How to implement an efficient _mm256_madd_epi8?

Question

Intel provides a C style function named _mm256_madd_epi16, which basically

__m256i _mm256_madd_epi16 (__m256i a, __m256i b)

Multiply packed signed 16-bit integers in a and b, producing intermediate signed 32-bit integers. Horizontally add adjacent pairs of intermediate 32-bit integers, and pack the results in dst.

Now I have two __m256i variables, each of them has 32 8-bit int in it.

I want to implement the same functionality as _mm256_madd_epi16 does, but each int32_t element in the result __m256i is the sum of four products of signed char instead of two pairs of signed int16_t.

I can do that in a scalar loop:

  alignas(32) uint32_t res[8];
  for (int i = 0; i < 32; ++i)
      res[i / 4] += _mm256_extract_epi8(a, i) * _mm256_extract_epi8(b, i);
  return _mm256_load_si256((__m256i*)res);

Note that the multiply result is sign-extended to int before adding, and that the _mm256_extract_epi8 helper function¹returns signed __int8. Nevermind that the total is uint32_t instead of int32_t; it can't overflow anyway with only four 8x8 => 16-bit numbers to add.

It looks very ugly, and doesn't runs efficiently unless the compiler does some magic to do it with SIMD instead of compiling as written to scalar extraction.

Footnote 1: _mm256_extract_epi8 is not an intrinsic. vpextrb only works for the low lane of a 256-bit vector, and this helper function may allow an index that isn't a compile-time constant.

Peter Cordes · Accepted Answer

If one of your inputs is known to always be non-negative, you can use pmaddubsw; the 8->16 bit equivalent of pmaddwd. It does signed saturation to 16 bits if the sum overflows, which is possible, so you might need to avoid it if that's a problem for your case.

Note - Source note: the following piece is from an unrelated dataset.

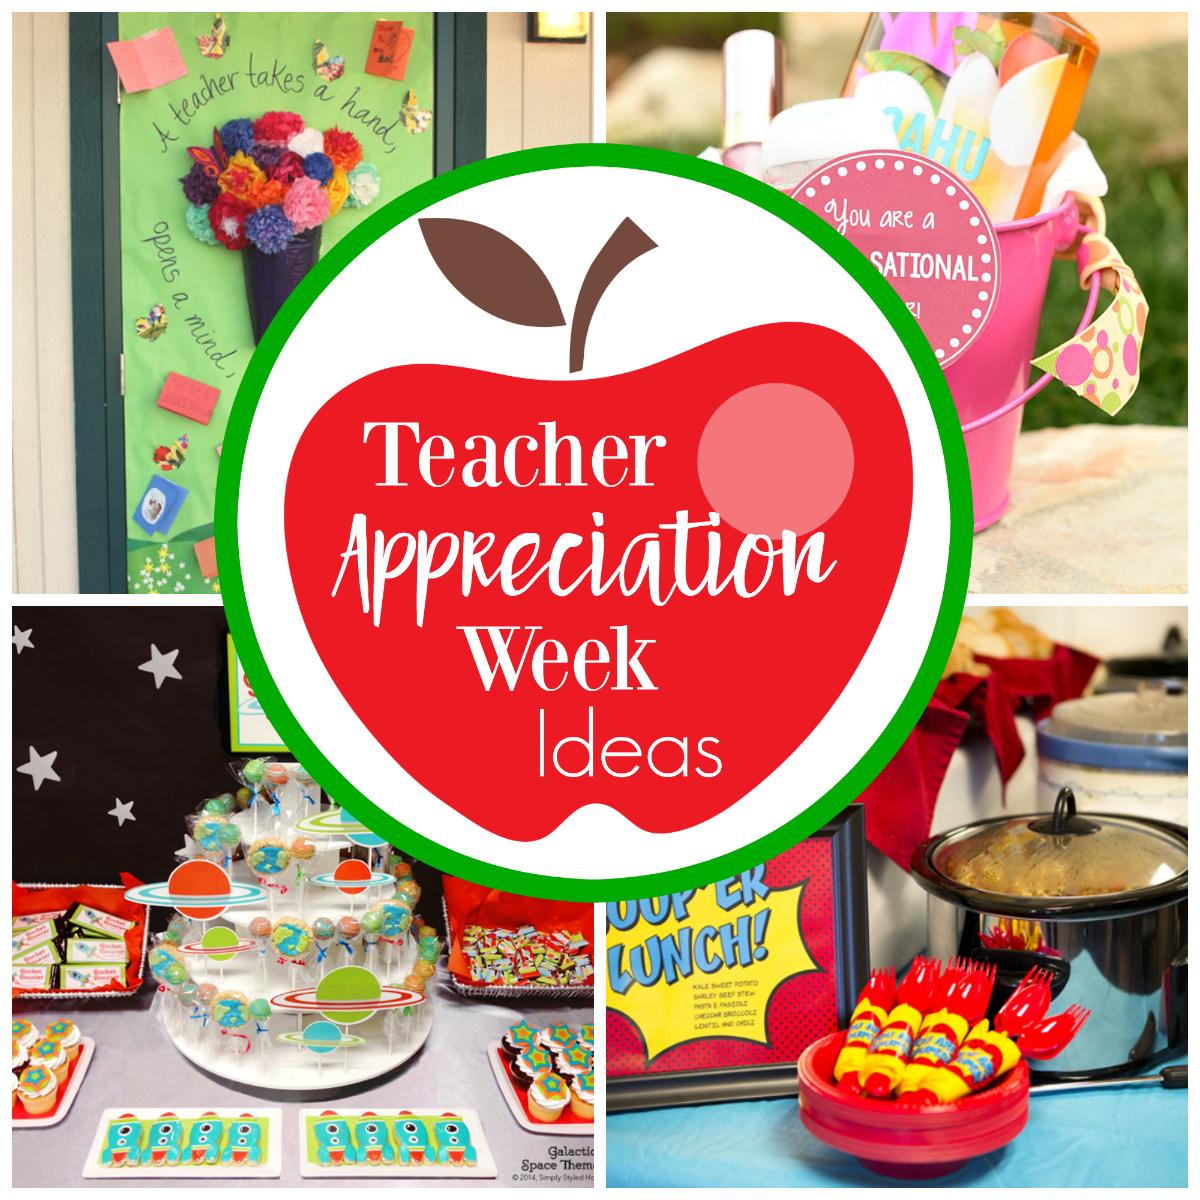 Teacher Appreciation Week Free Download Clip Art.
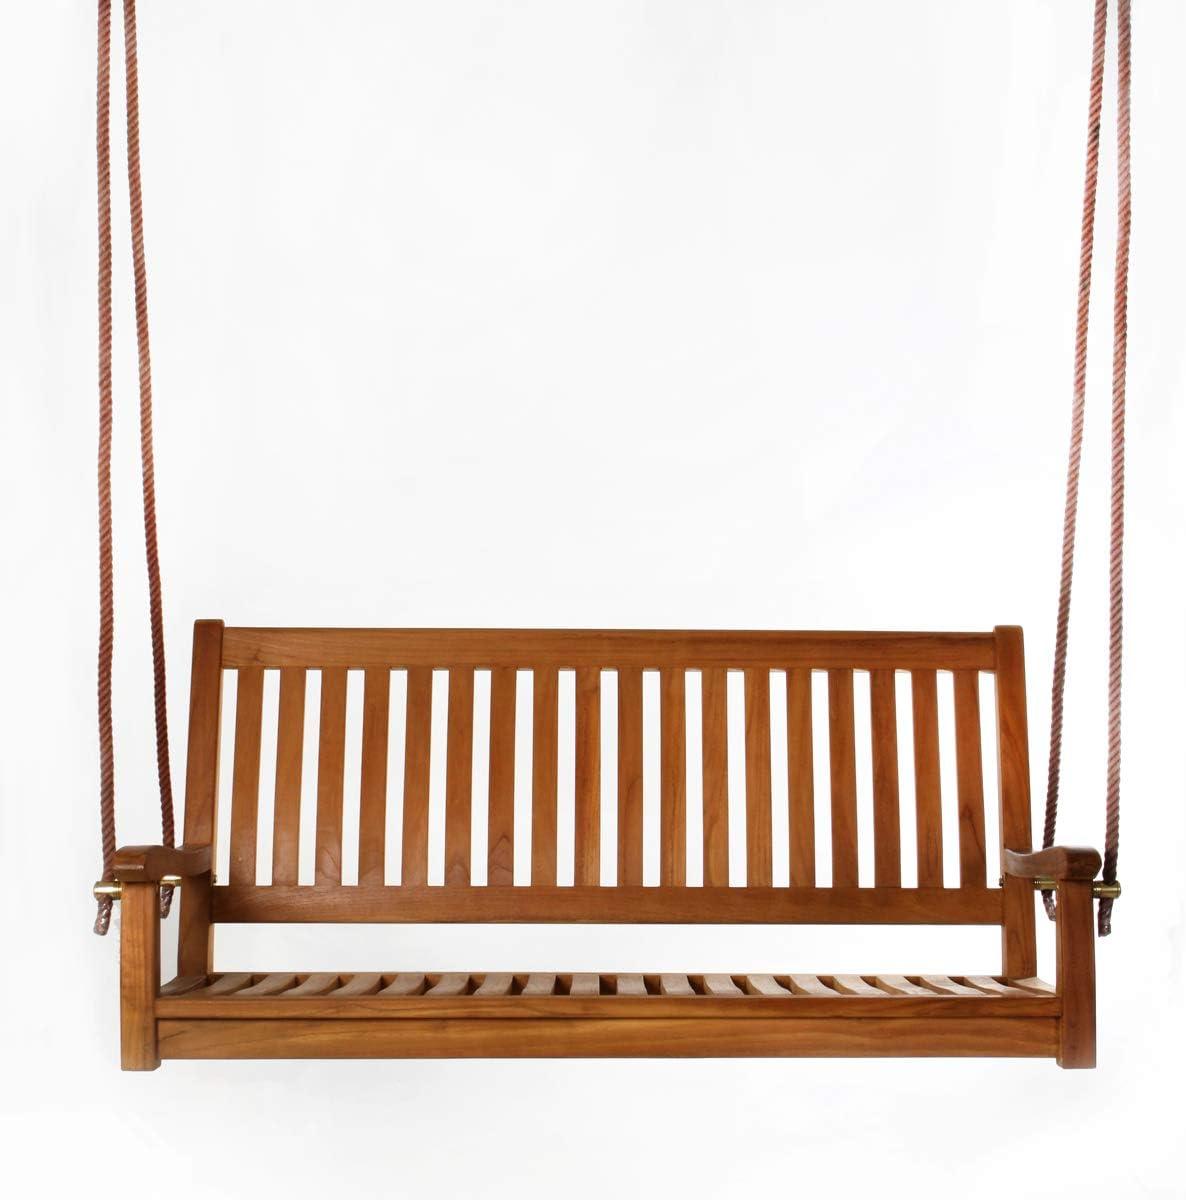 All Things Cedar TS50 Teak Porch Swing

But otherwise, you can pmaddubsw and then manually sign-extend the 16-bit elements to 32 and add them. Or use pmaddwd against _mm256_set1_epi16(1) to hsum pairs of elements with correct handling of the signs.

The obvious solution would be to unpack your input bytes to 16-bit elements with zero or sign-extension. Then you can use pmaddwd twice, and add the results.

If your inputs are coming from memory, loading them with vpmovsxbw might make sense. e.g.

__m256i a = _mm256_cvtepi8_epi16(_mm_loadu_si128((const __m128i*)&arr1[i]);
__m256i b = _mm256_cvtepi8_epi16(_mm_loadu_si128((const __m128i*)&arr2[i]);

But now you have the 4 bytes that you want spread out across two dwords, so you'd have to shuffle the result of one _mm256_madd_epi16(a,b). You could maybe use vphaddd to shuffle and add two 256-bit vectors of products into one 256-bit vector of results you want, but that's a lot of shuffling.

So instead, I think we want to generate two 256-bit vectors from each 256-bit input vector: one with the high byte in each word sign-extended to 16, and the other with the low byte sign extended. We can do that with 3 shifts (for each input)

 __m256i a = _mm256_loadu_si256(const  __m256i*)&arr1[i]);
 __m256i b = _mm256_loadu_si256(const  __m256i*)&arr2[i]);

 __m256i a_high = _mm256_srai_epi16(a, 8);     // arithmetic right shift sign extends
     // some compilers may only know the less-descriptive _mm256_slli_si256 name for vpslldq
 __m256i a_low =  _mm256_bslli_epi128(a, 1);   // left 1 byte = low to high in each 16-bit element
         a_low =  _mm256_srai_epi16(a_low, 8); // arithmetic right shift sign extends

    // then same for b_low / b_high

 __m256i prod_hi = _mm256_madd_epi16(a_high, b_high);
 __m256i prod_lo = _mm256_madd_epi16(a_low, b_low);

 __m256i quadsum = _m256_add_epi32(prod_lo, prod_hi);

As an alternative to vplldq by 1 byte, vpsllw by 8 bits __m256i a_low = _mm256_slli_epi16(a, 8); is the more "obvious" way to shift low to high within each word, and may be better if the surrounding code bottlenecks on shuffles. But normally it's worse because this code heavily bottlenecks on shift + vec-int multiply.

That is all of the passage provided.